Жак Лакан проецирует классический психоанализ на язык, что означает, в первую очередь, перенос вовне внутренней топологии Фрейда. Уже «Стадия зеркала…» (1949) говорит о формировании субъективности как результата складывания осмысленных пространственных отношений (последовательность: взгляд вперед/отражение/обратный взгляд/ подтверждение извне). Компенсация эмоционального диссонанса, вызванного собственными телесными проблемами (внутренне невыразимыми — область «реального»), происходит в акте созерцания себя (целого!) в зеркале. Это состояние усиливается подтверждающим взглядом Матери: иллюзорное единство и собранность — результат работы фантазии (область «воображаемого»). Это воображаемое саморазвитие перечеркивается последующим вмешательством Отца, репрезентирующего уже символический порядок (складывание Эдипова комплекса — в контексте «речи Отца»). Отмена «воображаемой диады» (ребенок/мать) заставляет отдаться культурно-символическим системам, признав власть языка («Символическое»). Так и складывается доминирование маскулинного как отцовского: это преимущество сигни фикантов (культурный символизм) вкупе с вытеснением телесных процессов (реально протекающих). И в этом случае собственно значение как продукт взаимной игры сигнификантов и отказ от прямой референции (вытеснение) задает подчинение нетелесным (оптическим) сигнификантам (структурам) телесного опыта, как только зримого и способного становиться только зримым. Феминистская реакция на союз психоанализа и структурализма в форме «философии дифферентности» предполагает возвращение значения тела (именно материнского!) как вытесненного, но реально и потому первично функционирующего. Его можно обнаружить под покровами пространственных метафор — достаточно лишь признать реальность Эдипова комплекса, а значит, — и материнского тела.

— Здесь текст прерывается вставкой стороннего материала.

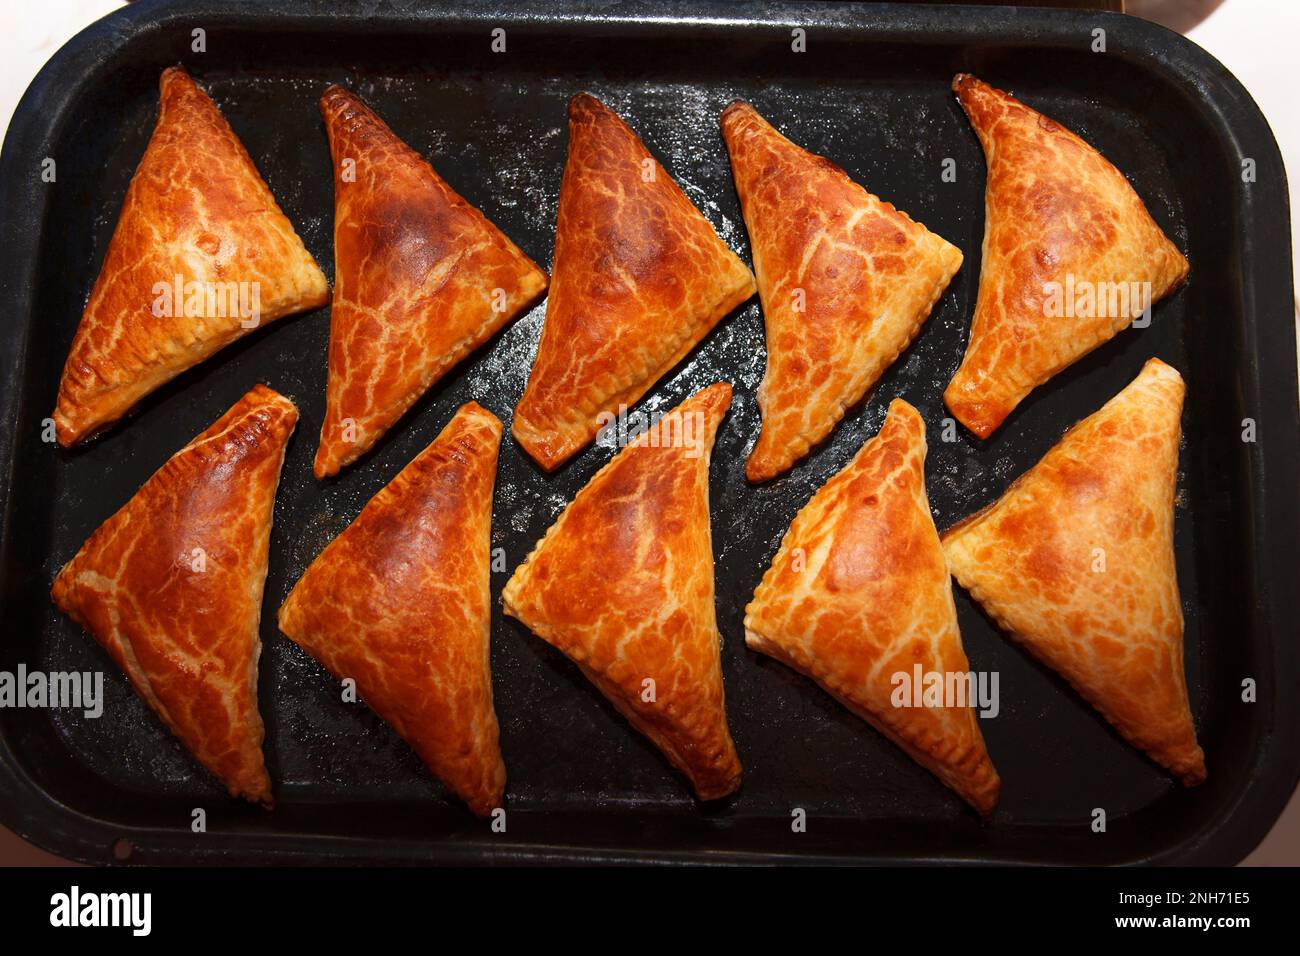 Freshly baked delicious hot patties filled with oven, triangular shape lie on a baking sheet Stock Photo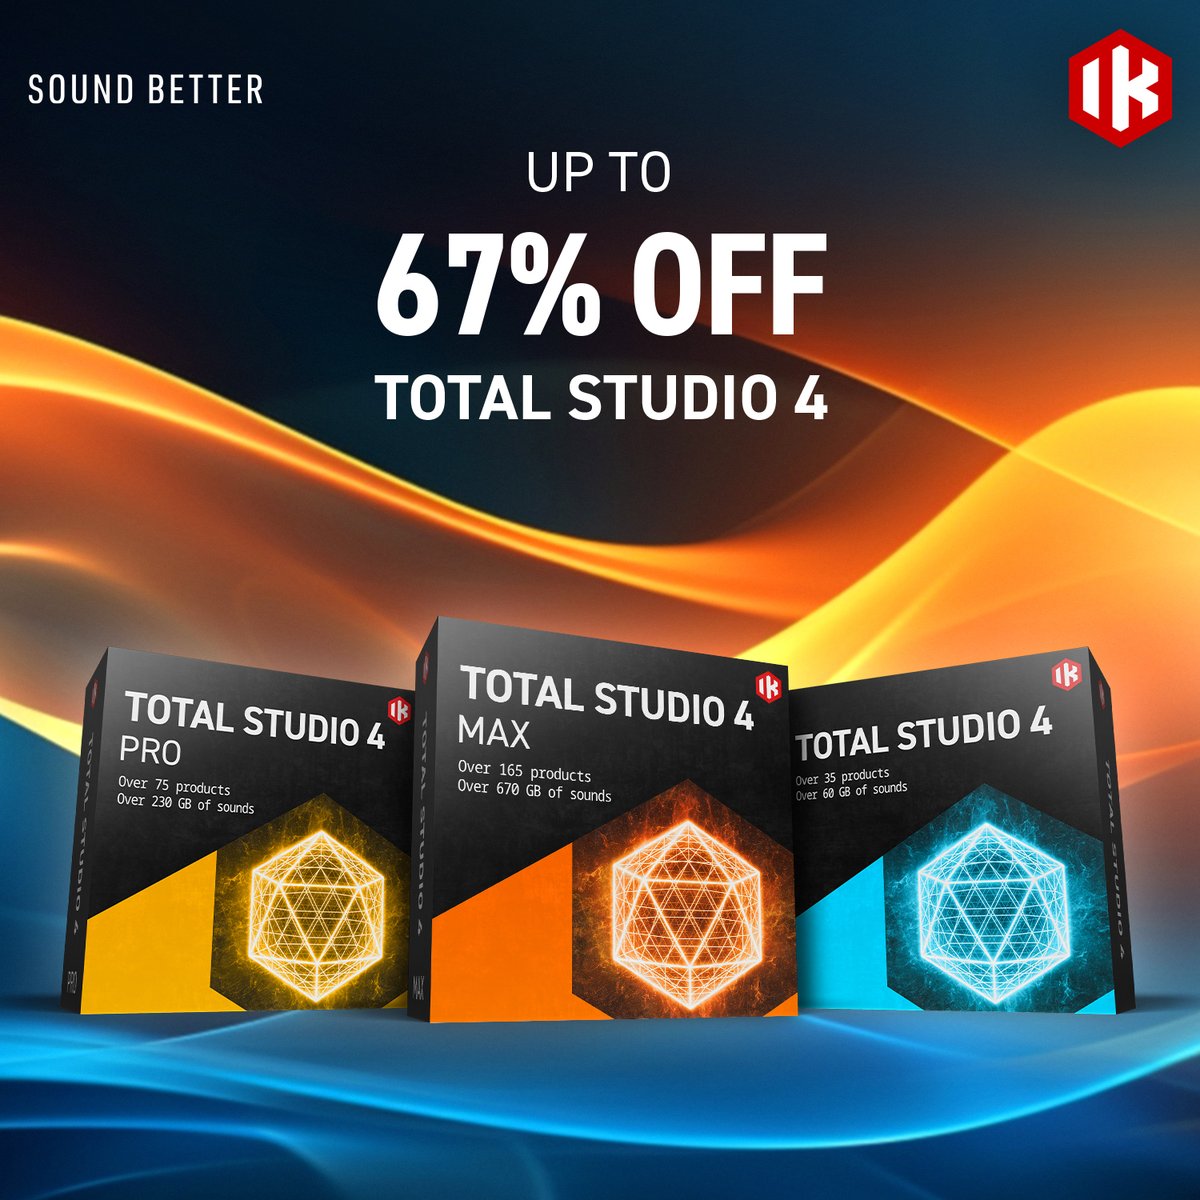 This #MemorialDay weekend, save big on Total Studio 4 software bundles, including everything you need to create your musical masterpiece. 🎶 bit.ly/totalmemorial24

Поэтому Юлия Кристева в «Революции поэтического языка» (1974) постулирует фундаментальную разницу между «символическим» и «семиотическим», предлагая перенос системы «первичных» и «вторичных» процессов на язык и — косвенно — на проблематику половой (телесной) дифференции. «Реальное» Лакана становится «семиотическим» Кристевой: не закрытый регистр до всякого смысла, но «до-эдипальный» смыслопродуцирующий регион, свободный от «законосообразующих» (властно-организующих) претензий «символического». Вслед за до-эдипальным Семиотическим радикальному перетолкованию подвергается и платоновская «chora»: принимающее, вмещающее, при этом бесформенное место-пространство, но одновременно и материнская утроба, то есть матка («свободная от экспрессии тотальность, созидаемая влечением и его “стазами”, пребывающими в текучей, но упорядоченной подвижности»). Хора — это пространство «вне единства, вне идентичности и вне Бога» как место ритмической артикуляции связанных с телом процессов, место до сигнификации и потому ее определяющее (топологически это слой психики, на котором младенец только и выстраивает свои схожие с влечением «высказывания»). Одновременно хора подчиняется регламентации, вынося ее лишь в самой первичной форме: голос и жест. Так как хора — полое пространство матки, место рождения формы экспрессии (=первичные процессы бессознательного), ориентированной исключительно на влечение и ритмы телесных процессов, то Семиотическое — это источник альтернативной силы смыслообразования. Она прорывается в «мужские» структуры языка, на которые оказывает давление и раздражение, обнаруживая себя в виде новаторских поэтических форм или спонтанно-ассоциативных языковых жестов, что, несомненно, имеет сходство и родство с психозами. Но не следует забывать, что хора предшествует и женской экспрессивной модальности, ее главная функция — эффективное преобразование-переложение чисто телесных и фактических процессов в сигнификацию. Семиотическая хора располагается над чисто телесной экзистенцией.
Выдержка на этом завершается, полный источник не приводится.